İstiyorsunuz da ne yapıyorsunuz?
.
Özgürlük ne acaip birşey...
Hepimiz özgür olmayı çok isteriz ama ‘artık istediğin gibi özgürsün’ deseler ne yapacağımızı bilemeyiz...
Hatta korkarız bile…
Özgürlük büyük sorumluluk getirir çünkü...
Hayatın karşısında tek başına kimseyi suçlamadan, hiçbir şeyden şikayet etmeden sorumluluğu almak, çoğumuzun ne bildiği ne de aslında istediği birşeydir...
Onun yerine başkalarını suçlayarak, her olmayandan şikayet ederek, hep özgür olmayı istediğimizi söyleyerek bir ömür geçirmeyi tercih ederiz...
Bu kolay olandır çünkü...
***
Baskıcı siyaset de genellikle özgür olmaya cesareti yetmeyenlerin ülkesinde başrolde olur...
Ne yazık ki biz de tam böyle bir toplumuz işte...
Böyle siyasetçiler var diye tutsak değiliz tam tersine özgür olmaya korktuğumuz için böyle siyasetçiler var
ülkemizde...
***
7 Haziran geliyor... Bildiğimiz herşey değişebilir...
Kaç kişi, kaçımız özgürlükler ya da kendi özgürlüğümüz için oy kullanacağız?
Kaçımız herkesin eşit biçimde özgür olacağı bir sistemi istediğini belirtecek biçimde oy kullanacak?
Kaçımız özgür bir toplumda özgür bireyler olarak yaşamak istediğini açıkça ifade edecek oylarıyla?
Pek azımız...
***
Hepimiz uğraşıp didinip, kendimize bir hücre yapıyoruz...
Ve, onun içine girip hapsediyoruz kendimizi...
Artık bütün dünya o küçük hücre oluyor insan için...
Hücremizin dışında olup bitenlerle hiç ilgilenmiyoruz...
Kendi kurduğumuz hücrenin duvarlarına alışıyor ve hep o duvarları görmek, hep o duvarları konuşmak istiyoruz...
Üstelik onların duvar olduğunu da bilmiyoruz.
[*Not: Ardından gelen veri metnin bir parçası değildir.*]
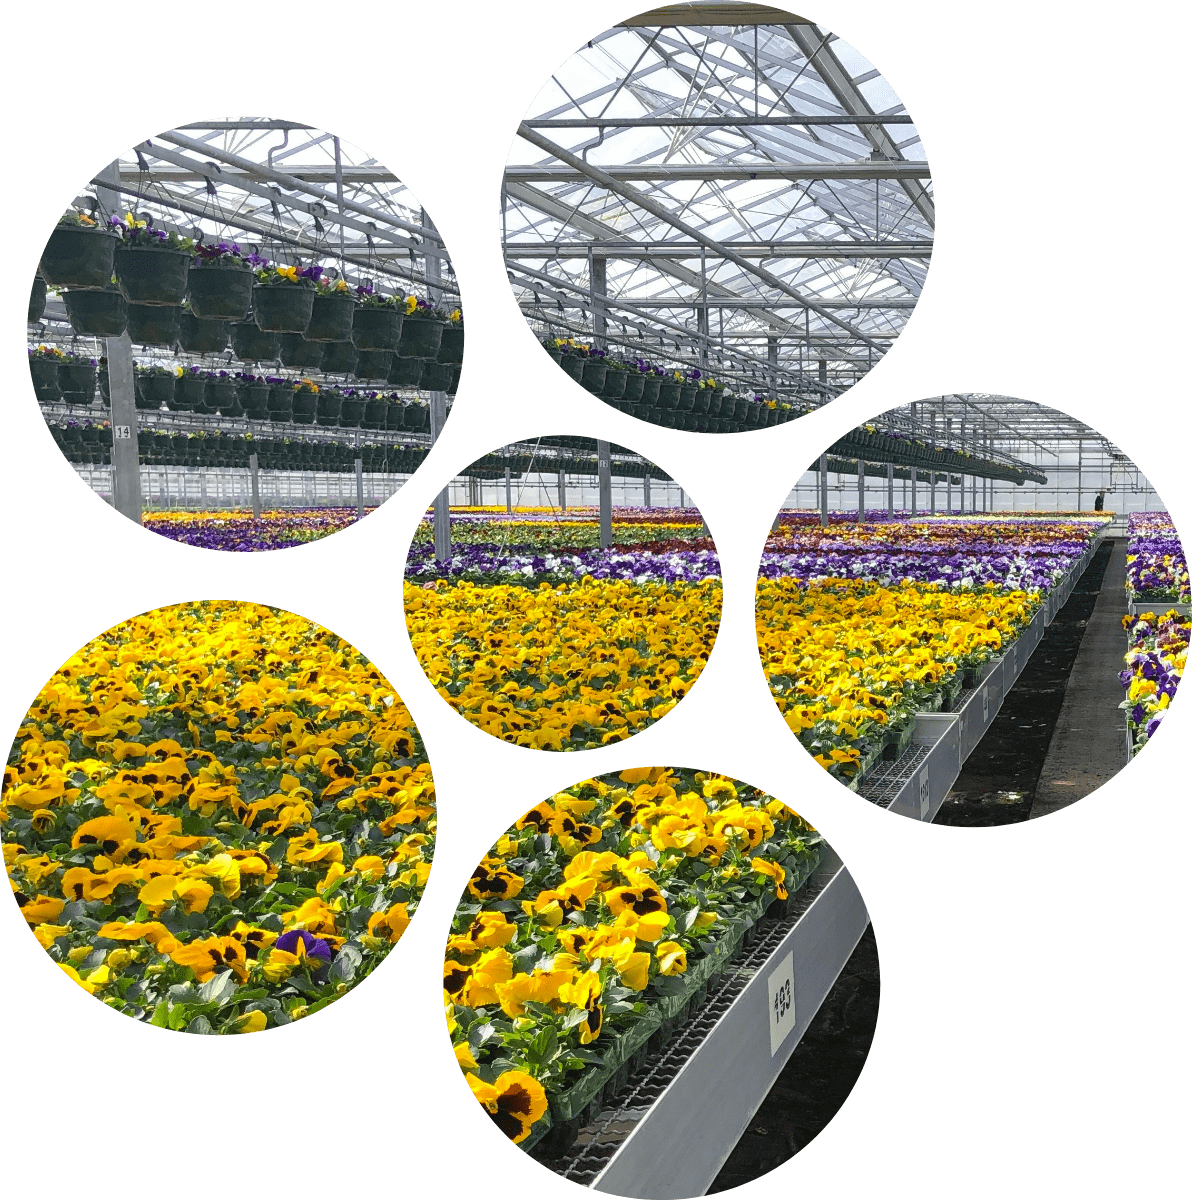 A view of the inside of Happy Plants greenhouse, showing rows of yellow and purple plants. The image is inside a flower shape

Hücrenin duvarlarını ufuk çizgisi sanıyoruz...
Bu kadar sığ ve derinliksiz fikirlerin etrafda uçuşmasının onları bu denli önemsememizin tesadüf olduğunu düşünmüyorsunuz herhalde...öyle değil mi?
***
Başka dünyaların insanları ‘hücrelerinin dışına çıkıp’ kendilerinin dışında neler olup bittiğini,yeryüzünü, bilimsel gelişmeleri, edebiyat maceralarını merak ediyor...
Biz hücrelerimizde donuk, hareketsiz, karanlık ve galiba epeyce anlamsız bir hayat sürdürmek için diretiyoruz...
Bu da bir hayat tarzı elbet...
Ama bu “tarz”dan mutluluk ve yaratıcılık çıkmıyor. Yorucu ve monoton bir didişme çıkıyor.
Baskı çıkıyor, yasak çıkıyor, çatışma ve nefret çıkıyor.
***
Yaşamak için hücrelerin dışına çıkmak gerek.
Bu da ancak “duvarları” fark etmek ve onları yıkmak istemekle mümkün herhalde.
Bir hücreyi koca bir dünya sanarak gerçek bir yaşama kavuşulmuyor çünkü.Dışarda bir dünya var.
İnsanların özgürce yaşadığı bir dünya…Bilimin, sanatın, eğlencenin, şakanın, kahkahanın olduğu bir dünya.
O dünyaya katılmak istemiyor musunuz?
Katılmak istiyorsanız, bunun için ne yapıyorsunuz?